• _Activity_
Print the data below verbatim, minus images.

• _Data shown_
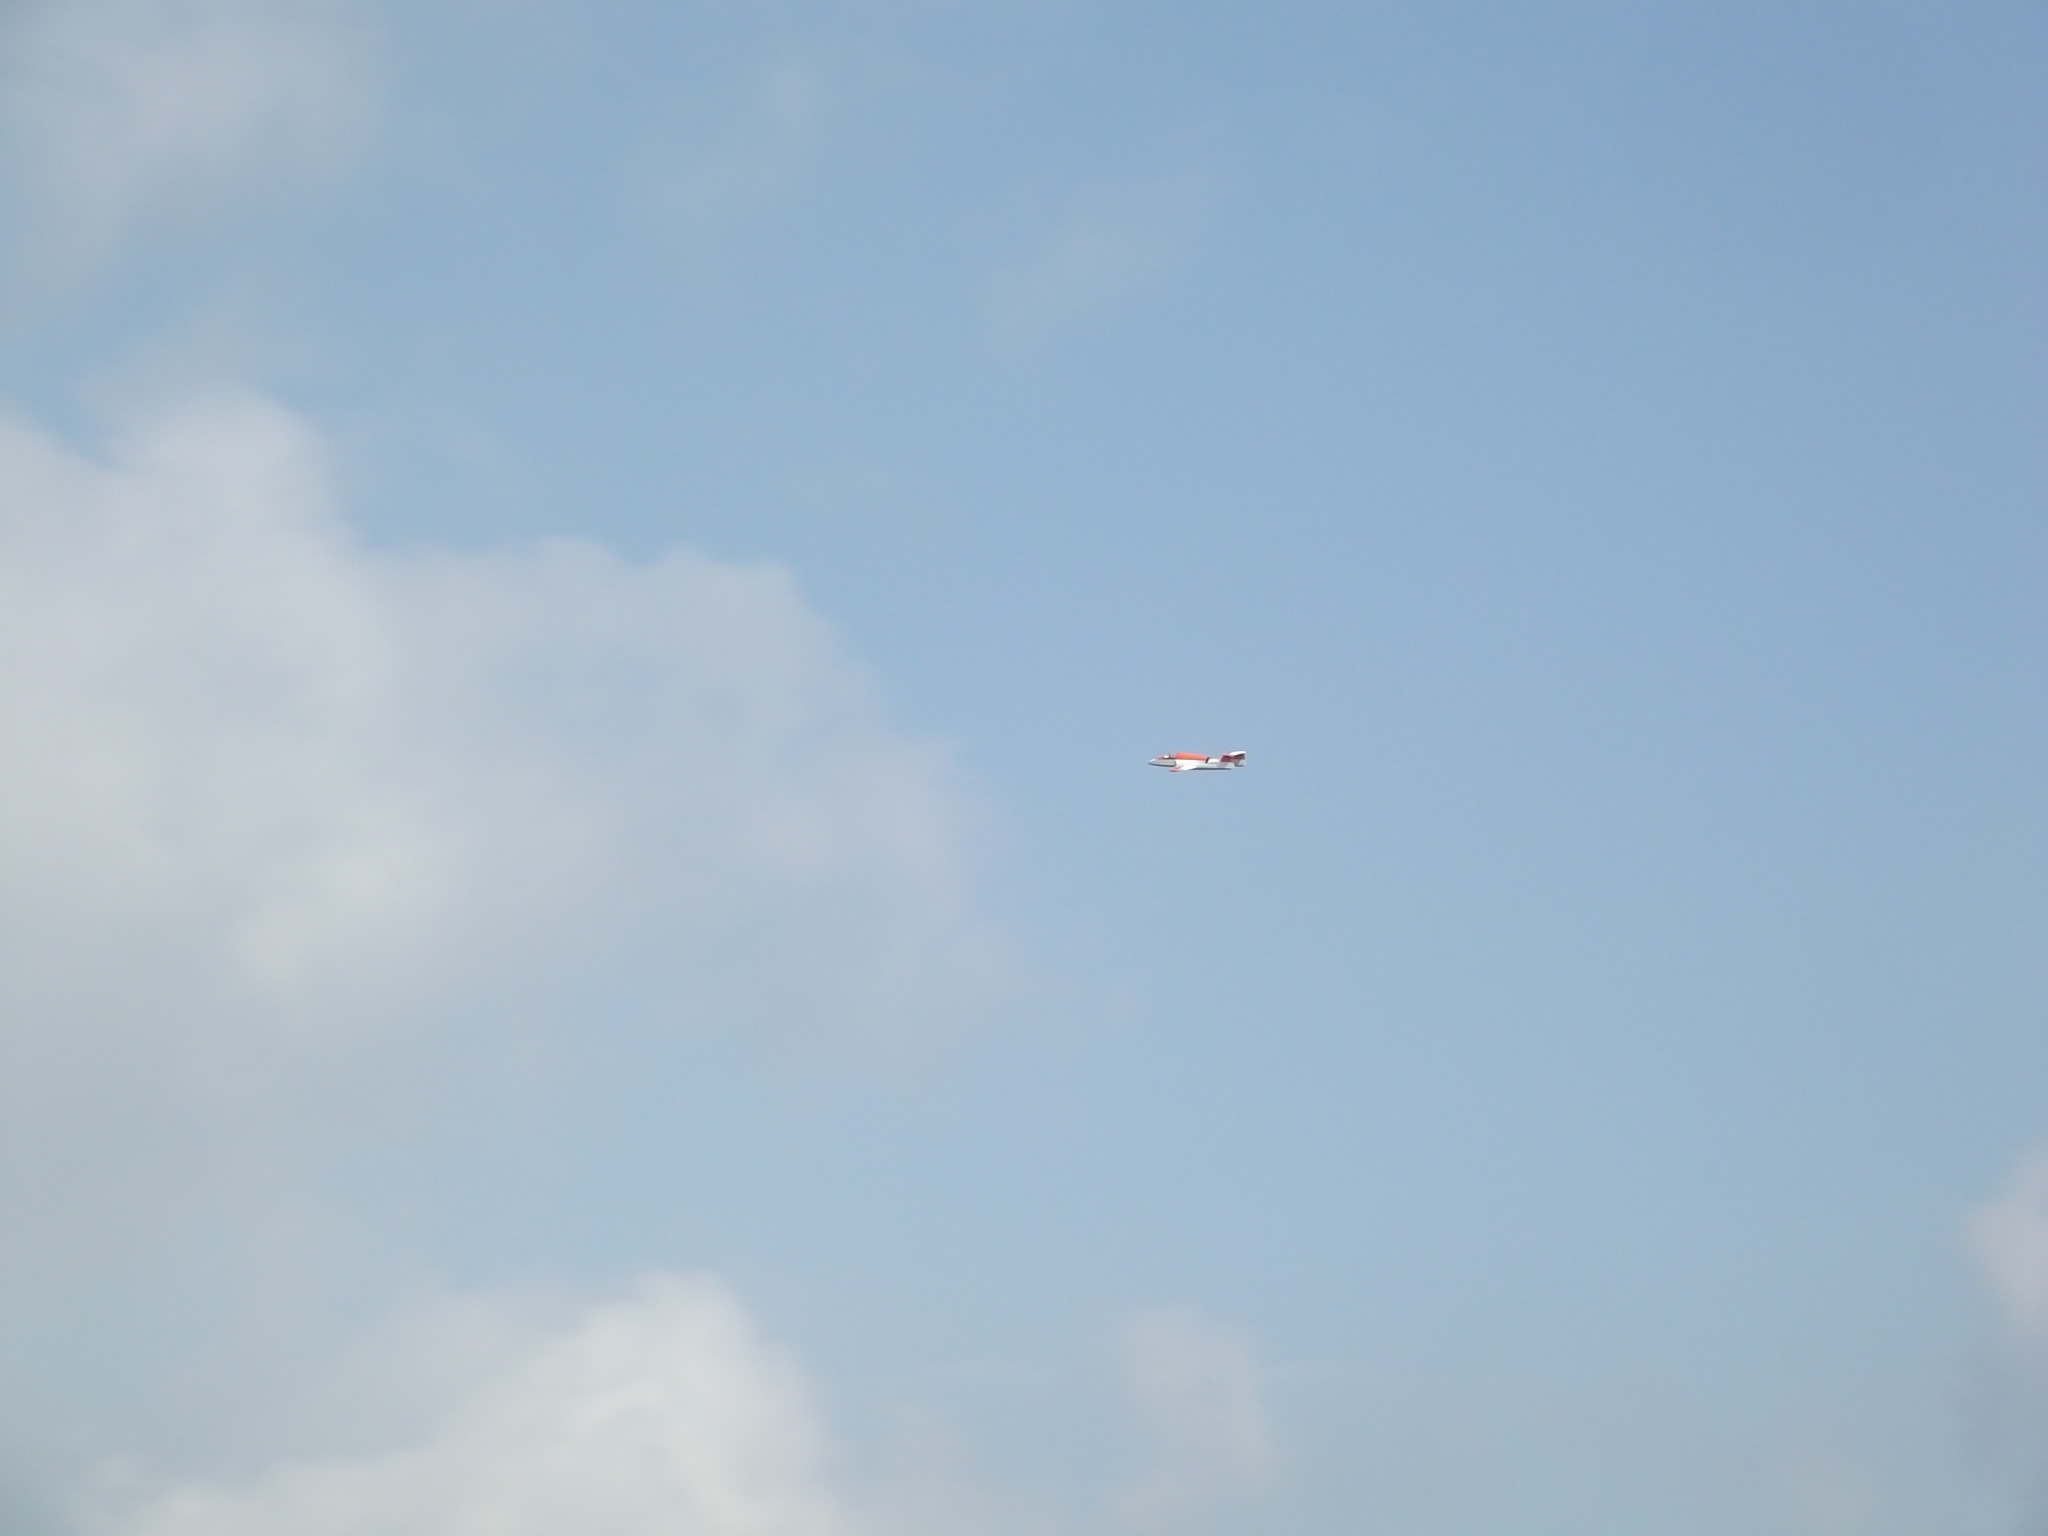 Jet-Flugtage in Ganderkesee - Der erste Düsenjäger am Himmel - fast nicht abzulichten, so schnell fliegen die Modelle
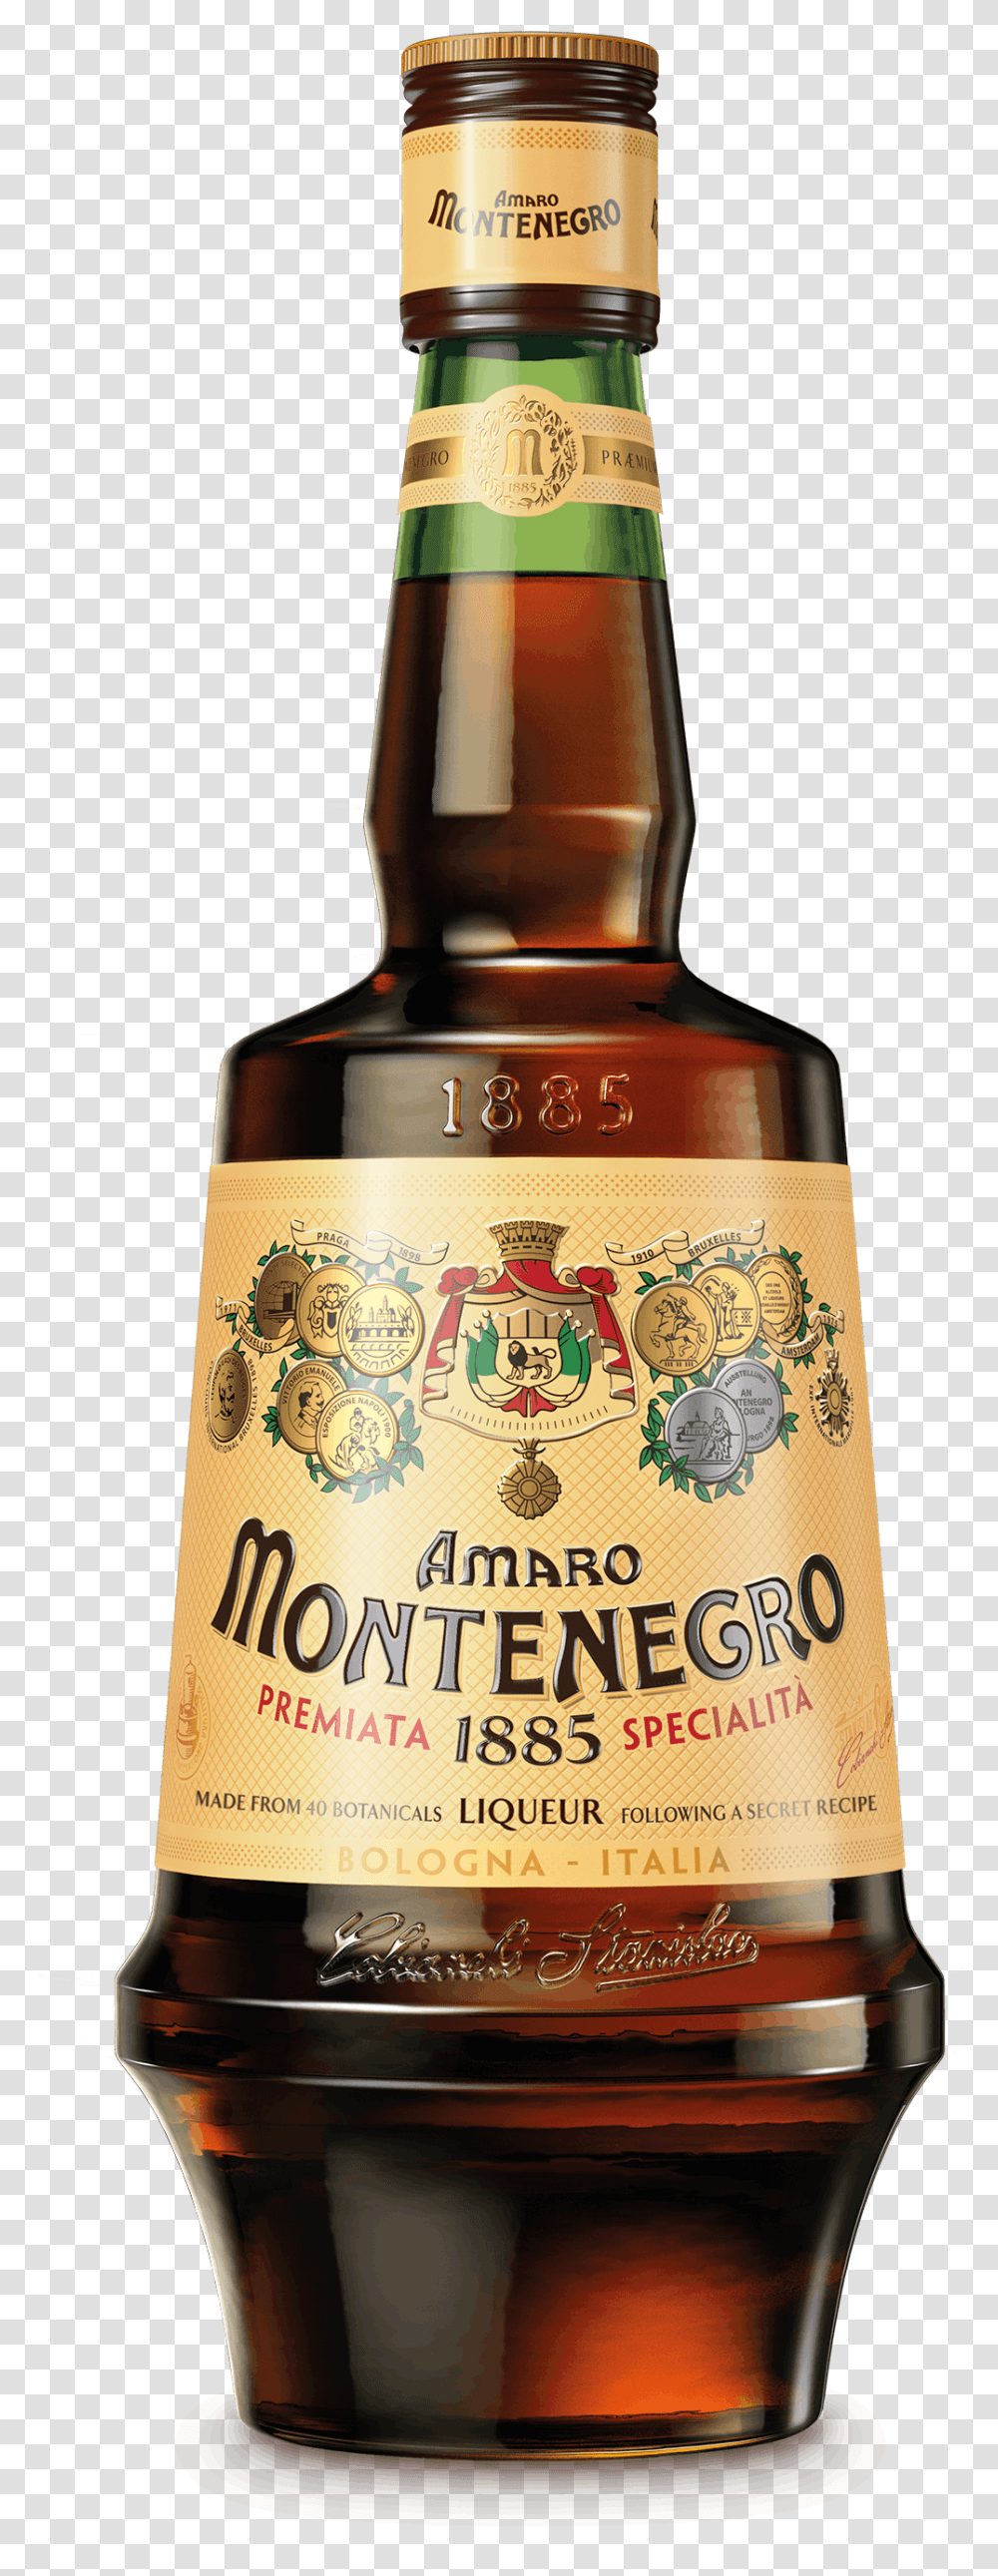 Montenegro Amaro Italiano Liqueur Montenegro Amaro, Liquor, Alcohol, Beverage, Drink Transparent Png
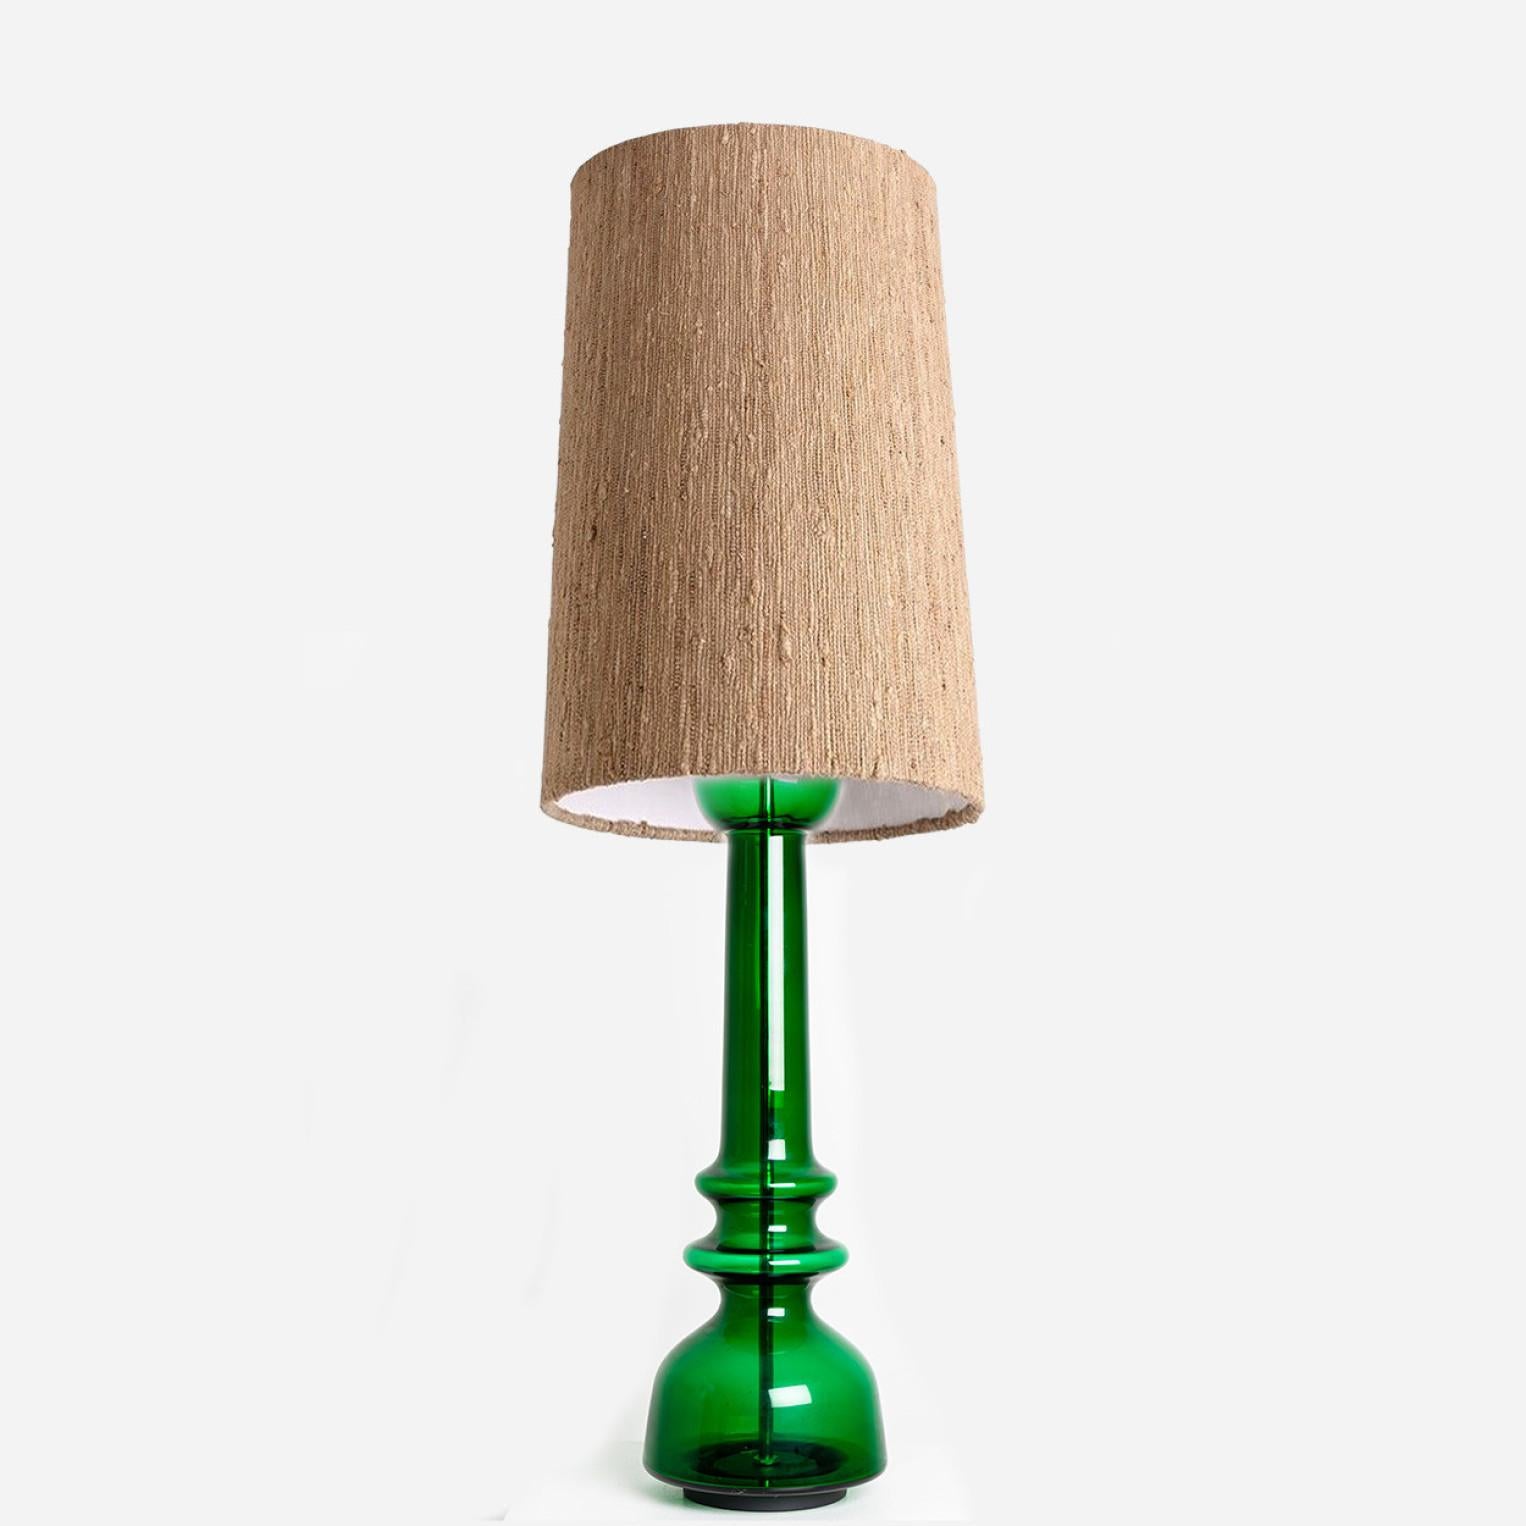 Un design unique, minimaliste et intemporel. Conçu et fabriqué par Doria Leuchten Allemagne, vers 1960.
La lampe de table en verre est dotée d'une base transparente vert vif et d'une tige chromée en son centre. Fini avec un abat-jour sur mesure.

• _Exercise response_
 Jet-Flugtage in Ganderkesee - Der erste Düsenjäger am Himmel - fast nicht abzulichten, so schnell fliegen die Modelle
 Montenegro Amaro Italiano Liqueur Montenegro Amaro, Liquor, Alcohol, Beverage, Drink Transparent Png
 Un design unique, minimaliste et intemporel. Conçu et fabriqué par Doria Leuchten Allemagne, vers 1960.
La lampe de table en verre est dotée d'une base transparente vert vif et d'une tige chromée en son centre. Fini avec un abat-jour sur mesure.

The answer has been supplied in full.